ExPAN(N)D: Exploring Posits for Efficient Artificial Neural Network Design in FPGA-based Systems
Nambi, Suresh, Ullah, Salim, Lohana, Aditya, Sahoo, Siva Satyendra, Merchant, Farhad, Kumar, Akash
The recent advances in machine learning, in general, and Artificial Neural Networks (ANN), in particular, has made smart embedded systems an attractive option for a larger number of application areas. However, the high computational complexity, memory footprints, and energy requirements of machine learning models hinder their deployment on resource-constrained embedded systems. Most state-of-the-art works have considered this problem by proposing various low bit-width data representation schemes, optimized arithmetic operators' implementations, and different complexity reduction techniques such as network pruning. To further elevate the implementation gains offered by these individual techniques, there is a need to cross-examine and combine these techniques' unique features. This paper presents ExPAN(N)D, a framework to analyze and ingather the efficacy of the Posit number representation scheme and the efficiency of fixed-point arithmetic implementations for ANNs. The Posit scheme offers a better dynamic range and higher precision for various applications than IEEE $754$ single-precision floating-point format.

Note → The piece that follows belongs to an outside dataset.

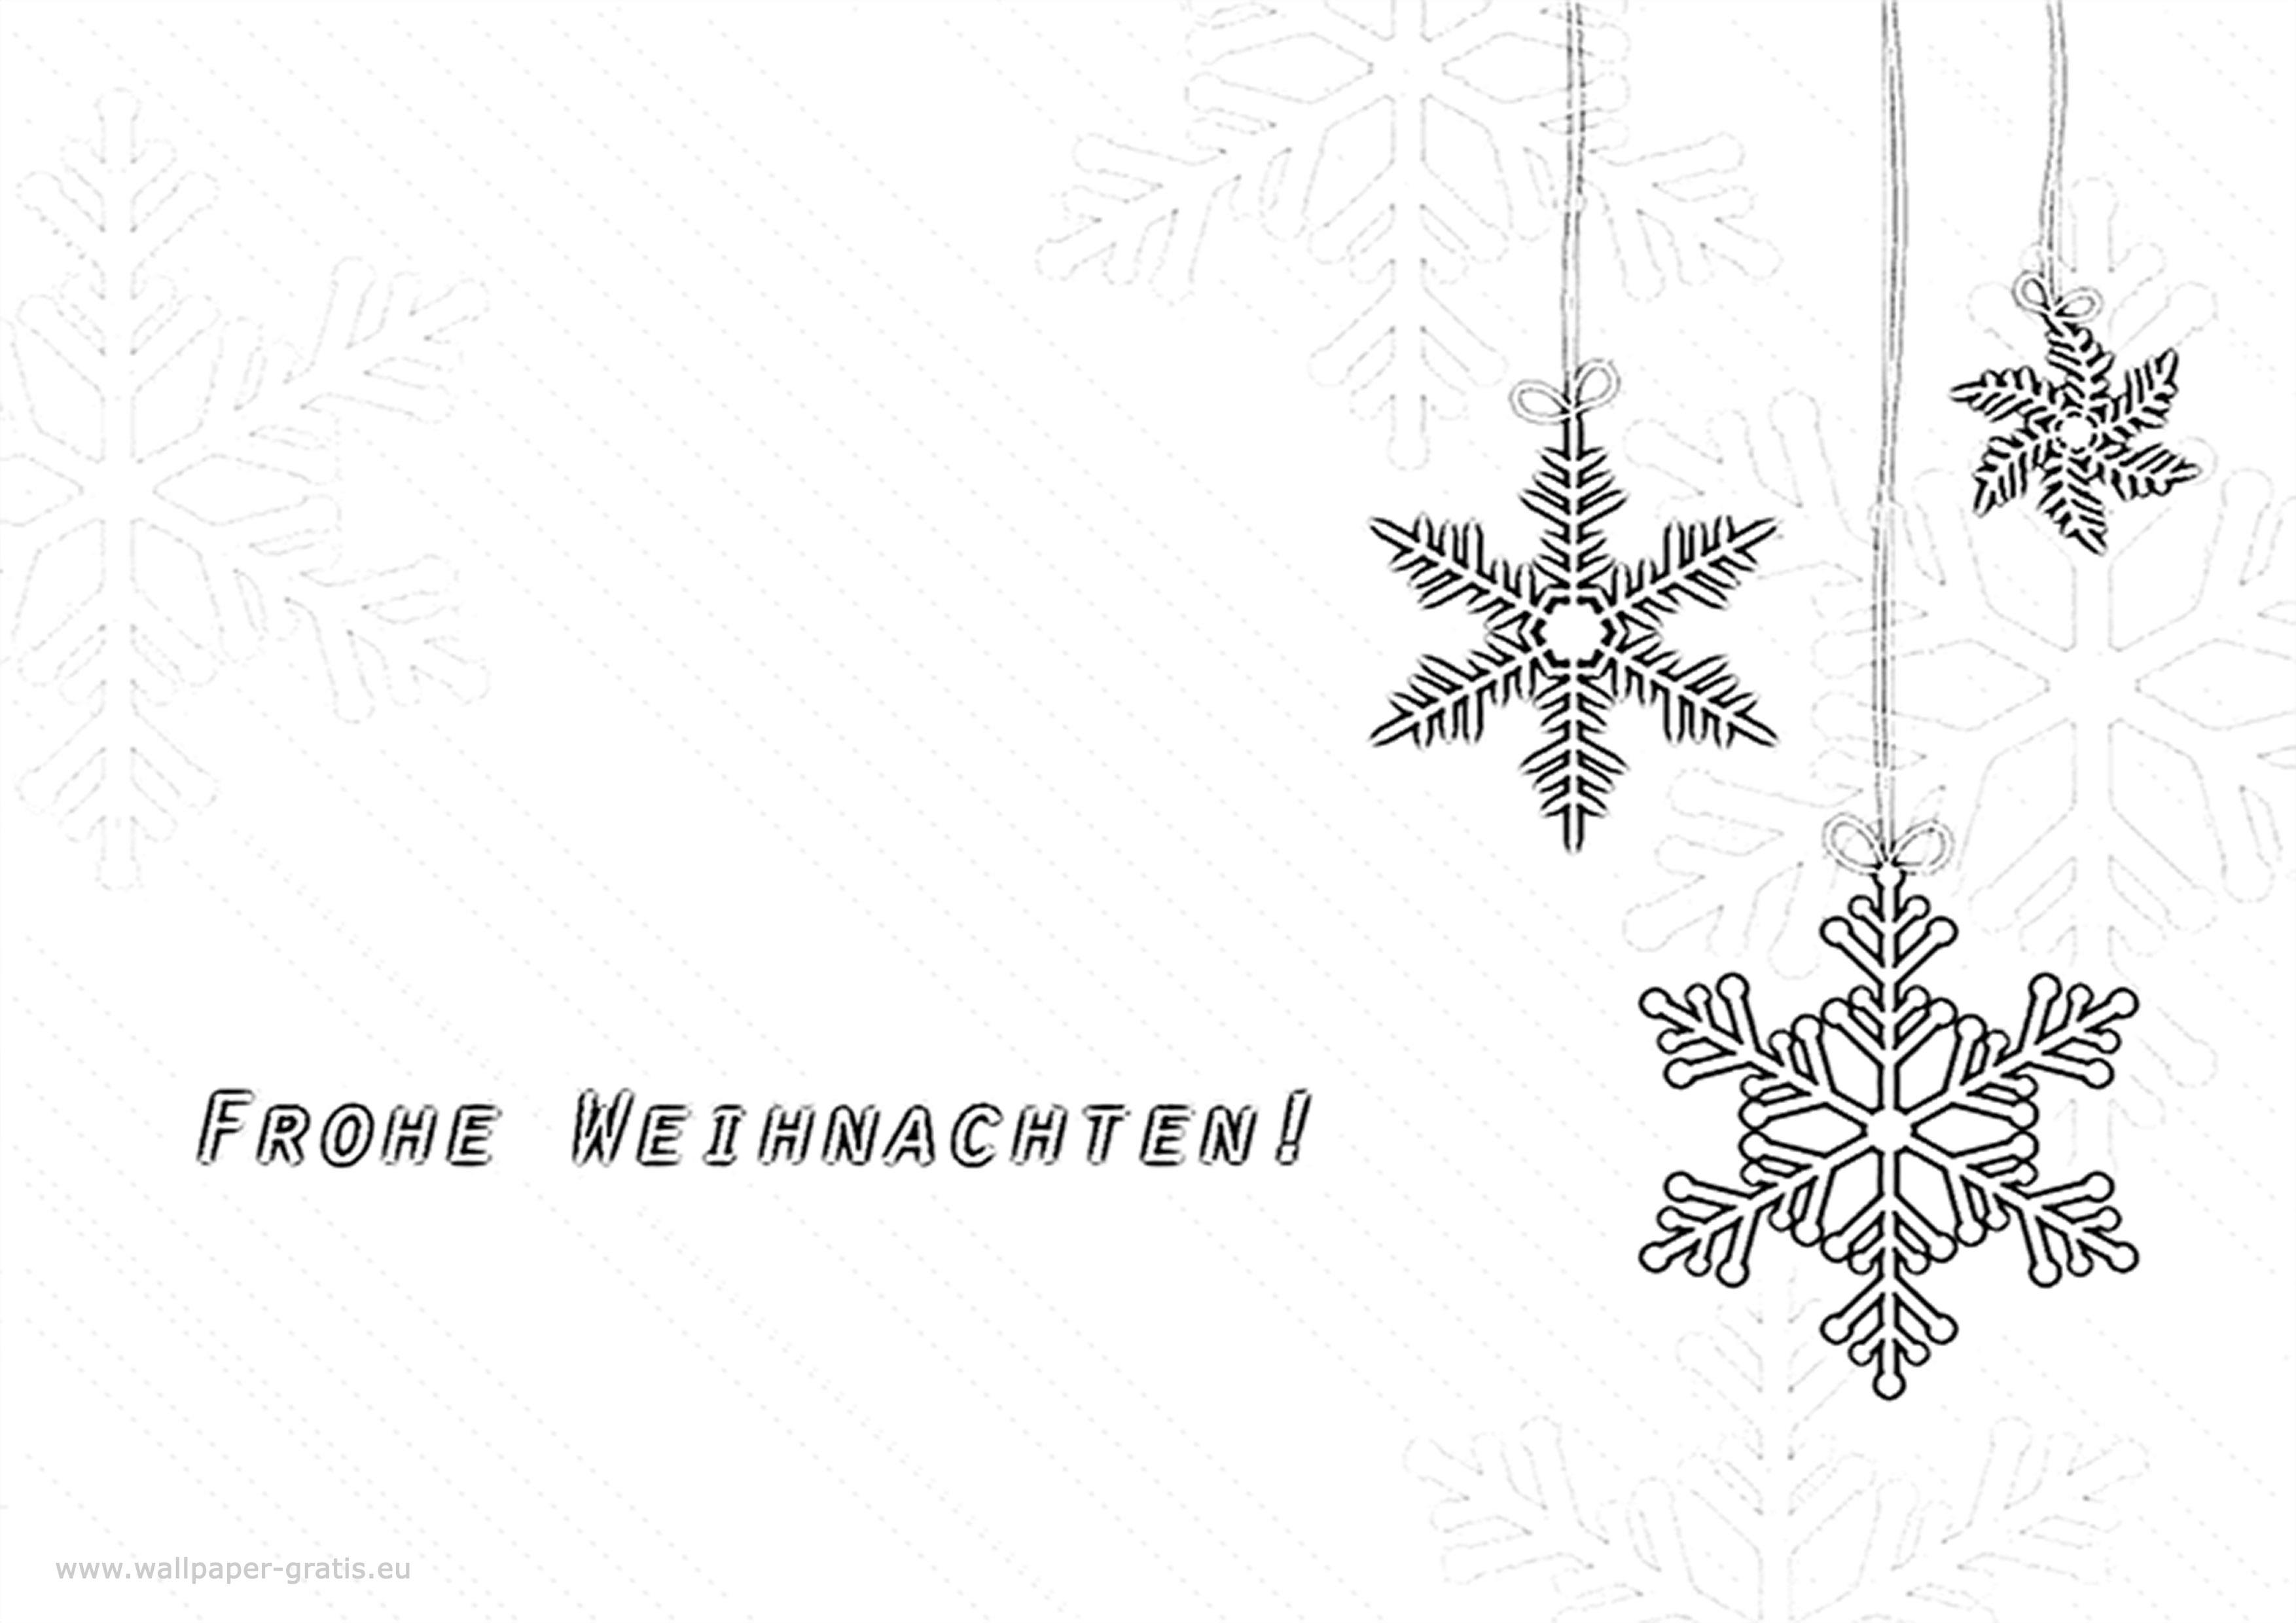 frohe weihnachten 009 kostenloses hintergrundbild f r. Black Bedroom Furniture Sets. Home Design Ideas

However, due to the dynamic nature of the various fields of the Posit scheme, the corresponding arithmetic circuits have higher critical path delay and resource requirements than the single-precision-based arithmetic units. Towards this end, we propose a novel Posit to fixed-point converter for enabling high-performance and energy-efficient hardware implementations for ANNs with minimal drop in the output accuracy. We also propose a modified Posit-based representation to store the trained parameters of a network. Compared to an $8$-bit fixed-point-based inference accelerator, our proposed implementation offers $\approx46\%$ and $\approx18\%$ reductions in the storage requirements of the parameters and energy consumption of the MAC units, respectively.